◆ **About this task**:
The stretch wanted below opens at the line containing "Secret Gleaming Stream - Wallpaper - Kitchen" and closes at the line containing "lyst nike tech". Please return it exactly, with no other lines.

◆ **Input data**:
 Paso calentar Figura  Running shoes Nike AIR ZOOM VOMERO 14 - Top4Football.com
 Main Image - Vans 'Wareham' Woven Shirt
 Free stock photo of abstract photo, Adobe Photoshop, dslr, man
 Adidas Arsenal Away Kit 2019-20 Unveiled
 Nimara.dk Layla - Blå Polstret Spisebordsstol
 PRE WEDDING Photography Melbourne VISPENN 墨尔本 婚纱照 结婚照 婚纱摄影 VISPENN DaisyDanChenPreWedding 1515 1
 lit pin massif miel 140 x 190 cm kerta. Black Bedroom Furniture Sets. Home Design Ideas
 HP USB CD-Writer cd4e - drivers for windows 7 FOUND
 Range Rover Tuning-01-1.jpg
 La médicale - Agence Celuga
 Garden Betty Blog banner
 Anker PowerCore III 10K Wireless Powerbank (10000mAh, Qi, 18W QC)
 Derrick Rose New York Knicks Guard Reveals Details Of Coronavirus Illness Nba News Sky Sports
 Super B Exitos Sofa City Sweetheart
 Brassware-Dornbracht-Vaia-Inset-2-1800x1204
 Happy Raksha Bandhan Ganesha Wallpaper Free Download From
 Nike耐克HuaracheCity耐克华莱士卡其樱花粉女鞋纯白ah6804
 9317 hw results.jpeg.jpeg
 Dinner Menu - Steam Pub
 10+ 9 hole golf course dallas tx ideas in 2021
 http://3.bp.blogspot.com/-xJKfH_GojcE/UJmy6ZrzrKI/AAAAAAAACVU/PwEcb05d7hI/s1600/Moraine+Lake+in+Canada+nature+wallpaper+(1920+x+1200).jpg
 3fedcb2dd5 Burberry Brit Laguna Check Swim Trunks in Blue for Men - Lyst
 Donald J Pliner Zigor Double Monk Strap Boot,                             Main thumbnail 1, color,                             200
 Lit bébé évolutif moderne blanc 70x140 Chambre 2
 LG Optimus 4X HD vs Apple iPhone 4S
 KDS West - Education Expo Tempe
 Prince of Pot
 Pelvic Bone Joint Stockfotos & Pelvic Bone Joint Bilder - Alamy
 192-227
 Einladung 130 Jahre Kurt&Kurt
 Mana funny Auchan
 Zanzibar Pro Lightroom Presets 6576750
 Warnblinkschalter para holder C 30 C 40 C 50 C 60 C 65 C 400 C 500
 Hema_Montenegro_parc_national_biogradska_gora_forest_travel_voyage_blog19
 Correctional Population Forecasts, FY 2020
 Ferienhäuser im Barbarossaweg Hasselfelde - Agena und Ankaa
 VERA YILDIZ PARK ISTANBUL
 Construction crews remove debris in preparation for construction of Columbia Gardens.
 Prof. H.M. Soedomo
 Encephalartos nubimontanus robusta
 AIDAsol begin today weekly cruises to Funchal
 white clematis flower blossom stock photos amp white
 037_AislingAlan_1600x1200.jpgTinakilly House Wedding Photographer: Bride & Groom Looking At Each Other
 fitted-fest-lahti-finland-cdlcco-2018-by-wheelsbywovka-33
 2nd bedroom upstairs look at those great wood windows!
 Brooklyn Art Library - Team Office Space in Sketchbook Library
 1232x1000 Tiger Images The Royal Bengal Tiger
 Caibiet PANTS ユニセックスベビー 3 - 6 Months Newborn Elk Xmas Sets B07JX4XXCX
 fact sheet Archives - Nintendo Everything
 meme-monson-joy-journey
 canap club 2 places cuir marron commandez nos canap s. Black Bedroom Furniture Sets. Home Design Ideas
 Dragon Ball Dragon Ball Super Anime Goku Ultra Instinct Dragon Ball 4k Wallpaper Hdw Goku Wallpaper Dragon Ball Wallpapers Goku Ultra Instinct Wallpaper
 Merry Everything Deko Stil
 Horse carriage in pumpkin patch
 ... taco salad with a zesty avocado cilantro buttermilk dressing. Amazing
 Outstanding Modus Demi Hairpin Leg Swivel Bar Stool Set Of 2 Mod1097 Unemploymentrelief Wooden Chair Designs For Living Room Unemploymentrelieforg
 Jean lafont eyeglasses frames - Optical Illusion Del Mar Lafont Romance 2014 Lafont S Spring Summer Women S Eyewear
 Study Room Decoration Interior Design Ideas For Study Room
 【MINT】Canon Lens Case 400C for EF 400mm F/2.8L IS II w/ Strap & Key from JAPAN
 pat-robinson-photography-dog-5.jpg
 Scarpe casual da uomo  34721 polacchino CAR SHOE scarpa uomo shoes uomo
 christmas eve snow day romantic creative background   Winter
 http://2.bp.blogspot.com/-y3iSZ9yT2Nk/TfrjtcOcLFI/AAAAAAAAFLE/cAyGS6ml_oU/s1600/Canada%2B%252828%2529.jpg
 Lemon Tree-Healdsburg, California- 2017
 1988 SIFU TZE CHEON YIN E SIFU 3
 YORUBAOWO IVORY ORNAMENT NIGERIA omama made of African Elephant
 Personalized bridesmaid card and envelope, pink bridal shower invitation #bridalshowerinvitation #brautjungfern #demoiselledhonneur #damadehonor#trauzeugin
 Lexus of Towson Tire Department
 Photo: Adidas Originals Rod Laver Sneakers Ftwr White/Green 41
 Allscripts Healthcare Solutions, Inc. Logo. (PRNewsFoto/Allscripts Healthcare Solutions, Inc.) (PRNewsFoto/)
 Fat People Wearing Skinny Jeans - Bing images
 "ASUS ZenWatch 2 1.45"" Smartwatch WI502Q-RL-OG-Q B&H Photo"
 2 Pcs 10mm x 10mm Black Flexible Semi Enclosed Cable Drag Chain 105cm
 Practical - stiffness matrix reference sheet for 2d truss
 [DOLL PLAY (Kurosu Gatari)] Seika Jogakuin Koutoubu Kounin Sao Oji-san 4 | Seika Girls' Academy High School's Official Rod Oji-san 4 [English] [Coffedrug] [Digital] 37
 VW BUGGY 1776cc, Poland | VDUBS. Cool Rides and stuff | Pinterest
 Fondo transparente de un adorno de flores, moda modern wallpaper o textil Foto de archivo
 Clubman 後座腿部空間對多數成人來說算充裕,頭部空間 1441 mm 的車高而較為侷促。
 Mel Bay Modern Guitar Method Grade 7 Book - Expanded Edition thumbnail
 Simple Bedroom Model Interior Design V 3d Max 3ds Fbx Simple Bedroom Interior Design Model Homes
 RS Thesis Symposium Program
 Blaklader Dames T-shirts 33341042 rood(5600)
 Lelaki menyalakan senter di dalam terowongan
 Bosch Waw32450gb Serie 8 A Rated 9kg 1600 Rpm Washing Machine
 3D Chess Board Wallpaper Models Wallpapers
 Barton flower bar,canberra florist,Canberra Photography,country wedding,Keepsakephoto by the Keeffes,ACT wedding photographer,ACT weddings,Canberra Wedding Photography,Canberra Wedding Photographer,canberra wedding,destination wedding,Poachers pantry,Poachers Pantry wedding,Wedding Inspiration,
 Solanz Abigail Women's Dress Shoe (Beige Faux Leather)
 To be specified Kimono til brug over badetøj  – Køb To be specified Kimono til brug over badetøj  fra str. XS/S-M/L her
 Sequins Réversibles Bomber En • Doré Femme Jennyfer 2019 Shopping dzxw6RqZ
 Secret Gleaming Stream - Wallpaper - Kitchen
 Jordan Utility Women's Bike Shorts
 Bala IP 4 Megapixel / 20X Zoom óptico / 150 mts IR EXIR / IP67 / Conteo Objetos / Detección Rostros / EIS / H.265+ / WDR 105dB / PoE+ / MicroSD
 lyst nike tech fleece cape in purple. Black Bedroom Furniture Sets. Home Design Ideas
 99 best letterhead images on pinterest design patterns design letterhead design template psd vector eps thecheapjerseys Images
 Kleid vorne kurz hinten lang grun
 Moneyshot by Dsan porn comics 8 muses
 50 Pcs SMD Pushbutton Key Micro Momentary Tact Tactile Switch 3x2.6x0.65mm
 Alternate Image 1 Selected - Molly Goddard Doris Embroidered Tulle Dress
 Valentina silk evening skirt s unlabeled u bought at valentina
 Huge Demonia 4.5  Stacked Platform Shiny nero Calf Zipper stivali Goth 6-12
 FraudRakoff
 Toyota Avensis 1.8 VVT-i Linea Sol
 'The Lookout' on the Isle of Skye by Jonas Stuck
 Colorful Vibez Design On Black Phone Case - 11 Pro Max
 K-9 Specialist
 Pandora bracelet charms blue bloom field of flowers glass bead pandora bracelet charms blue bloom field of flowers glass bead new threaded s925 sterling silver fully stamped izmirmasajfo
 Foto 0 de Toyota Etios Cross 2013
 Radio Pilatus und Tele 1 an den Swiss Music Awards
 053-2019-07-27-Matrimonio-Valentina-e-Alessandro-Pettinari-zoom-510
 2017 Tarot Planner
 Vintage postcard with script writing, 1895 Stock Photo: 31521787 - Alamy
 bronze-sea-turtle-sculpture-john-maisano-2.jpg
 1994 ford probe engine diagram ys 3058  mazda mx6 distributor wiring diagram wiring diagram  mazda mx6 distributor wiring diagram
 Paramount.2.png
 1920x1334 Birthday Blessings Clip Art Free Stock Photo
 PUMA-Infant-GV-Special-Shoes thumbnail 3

◆ **Task solution**:
 Secret Gleaming Stream - Wallpaper - Kitchen
 Jordan Utility Women's Bike Shorts
 Bala IP 4 Megapixel / 20X Zoom óptico / 150 mts IR EXIR / IP67 / Conteo Objetos / Detección Rostros / EIS / H.265+ / WDR 105dB / PoE+ / MicroSD
 lyst nike tech fleece cape in purple. Black Bedroom Furniture Sets. Home Design Ideas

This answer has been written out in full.